Reader script parameters

Parameter

Description

Required

Default value

datasource

The name of the data source. The name must be the same as the one you added.

Yes

None

table

The name of the table to synchronize.

Note

This is case-sensitive.

Yes

None

readMode

The read mode:

  • To read data using HDFS files, set this parameter to "readMode":"hdfs".

  • To read data using Hive JDBC, set this parameter to "readMode":"jdbc".

Note
  • When you read data using Hive JDBC, you can use a Where clause for data filtering. However, in this scenario, the Hive engine may generate a MapReduce task at the underlying layer, which is inefficient.

  • When you read data using HDFS files, you cannot use a Where clause for data filtering. In this scenario, the data files of the Hive table are directly accessed for reading, which is more efficient.

  • Reading data from a view is not supported when you use HDFS files.

No

None

partition

The partition information of the Hive table:

  • If you read data using Hive JDBC, you do not need to configure this parameter.

  • If you read data from a partitioned Hive table, you need to configure the partition information. The sync task reads the data from the partitions specified in the partition parameter.

    The Hive Reader plugin supports using an asterisk (*) as a wildcard character for single-level partitions but not for multi-level partitions.

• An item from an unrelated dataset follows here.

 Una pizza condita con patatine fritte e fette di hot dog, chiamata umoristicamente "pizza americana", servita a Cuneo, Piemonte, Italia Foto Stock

  • If your Hive table is a non-partitioned table, you do not need to configure the partition parameter.

No

None

session

The session-level configuration for Hive JDBC reads. You can set client parameters. For example, SET hive.exec.parallel=true

No

None

column

The columns to read. For example, "column": ["id", "name"].

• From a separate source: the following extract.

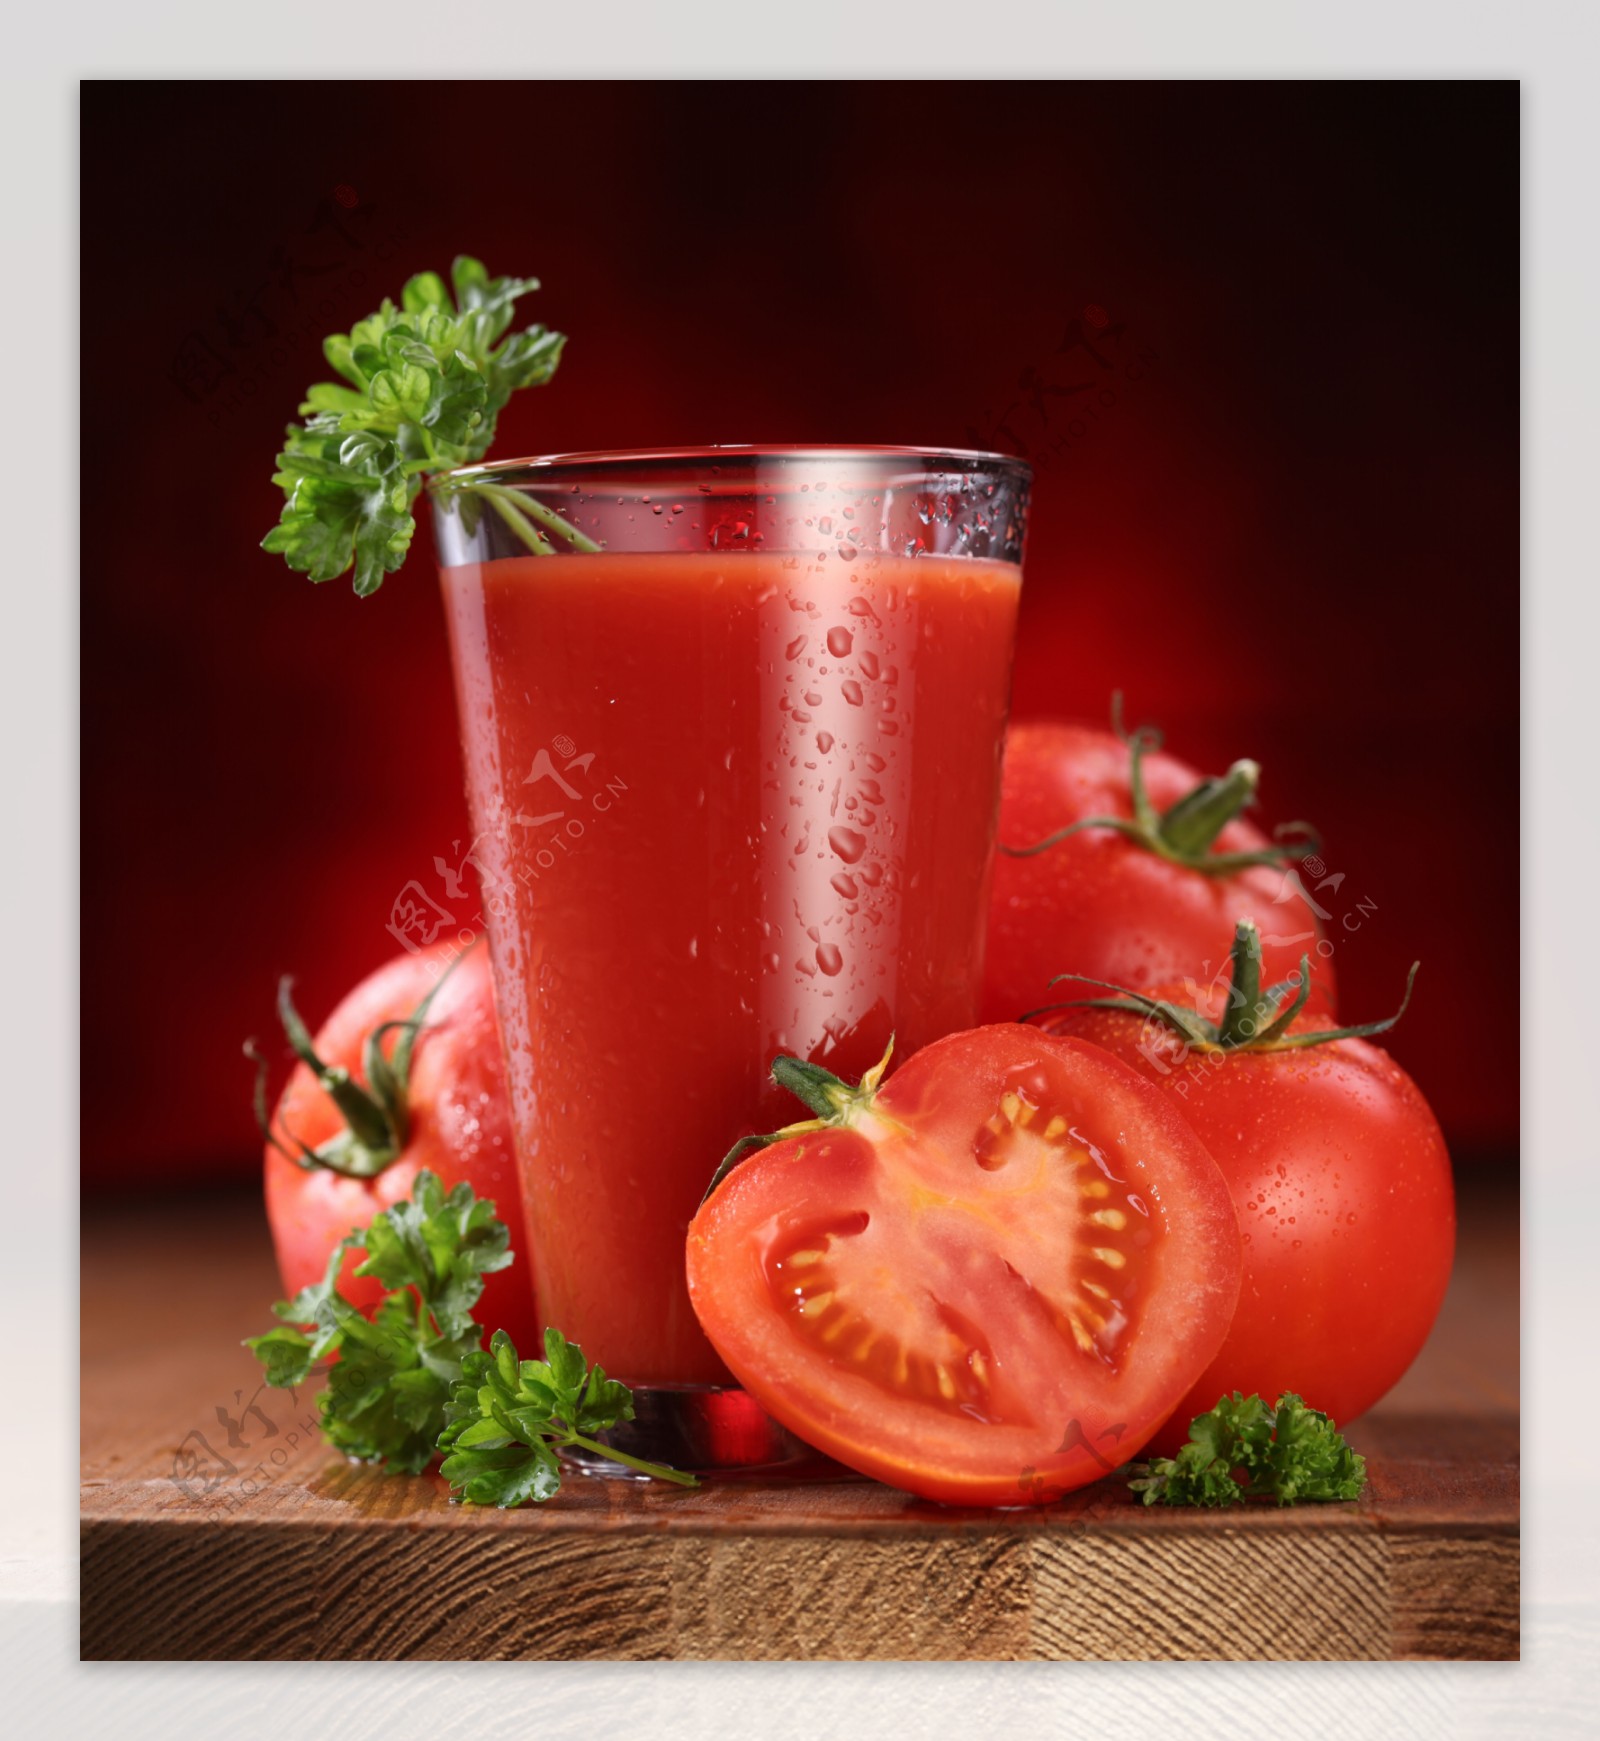 在玻璃的新鲜的西红柿汁 库存图片. 图片 包括有 红色, 新鲜, 甜甜, 自创, 土气, 纯汁浓汤, 有机 - 69062751

  • Column cropping is supported. You can export a subset of columns.

  • Column reordering is supported. You can export columns in an order different from the table schema.

  • You can specify partition key columns.

  • You can specify constants.

  • The column parameter must explicitly specify the set of columns to synchronize. It cannot be empty.

Yes

None

querySql

When you read data using Hive JDBC, you can directly configure the querySql parameter to read data.

No

None

where

When you read data using Hive JDBC, you can set the where parameter to filter data.

No

None

fileSystemUsername

When you read data using HDFS, the user configured on the Hive data source page is used by default. If anonymous logon is configured on the data source page, the admin account is used by default. If a permission issue occurs during the sync task, you must switch to the code editor and configure the fileSystemUsername parameter.

No

None

hivePartitionColumn

If you want to synchronize the values of partition fields to a downstream destination, you can switch to the code editor and configure the hivePartitionColumn parameter.

No

None

successOnNoFile

When you read data in HDFS mode, this parameter specifies whether the sync task runs as normal if the directory is empty.

No

None

Writer script demo

{
    "type": "job",
    "steps": [
        {
            "stepType": "hive",
            "parameter": {
            },
            "name": "Reader",
            "category": "reader"
        },
        {
            "stepType": "hive",
            "parameter": {
                "partition": "year=a,month=b,day=c", // Partition configuration
                "datasource": "hive_ha_shanghai", // Data source
                "table": "partitiontable2", // Destination table
                "column": [ // Column configuration
                    "id",
                    "name",
                    "age"
                ],
                "writeMode": "append" ,// Write mode
                "fileSystemUsername" : "hdfs"
            },
            "name": "Writer",
            "category": "writer"
        }
    ],
    "version": "2.0",
    "order": {
        "hops": [
            {
                "from": "Reader",
                "to": "Writer"
            }
        ]
    },
    "setting": {
        "errorLimit": {
            "record": ""
        },
        "speed": {
            "throttle":true,// If throttle is set to false, the mbps parameter does not take effect, which means that traffic is not throttled. If throttle is set to true, traffic is throttled.
            "concurrent":2, // Job concurrency.
            "mbps":"12"// Throttling
        }
    }
}

Writer script parameters

Parameter

Description

Required

Default value

datasource

The name of the data source. The name must be the same as the one you added.

Yes

None

column

The columns to write. For example, "column": ["id", "name"].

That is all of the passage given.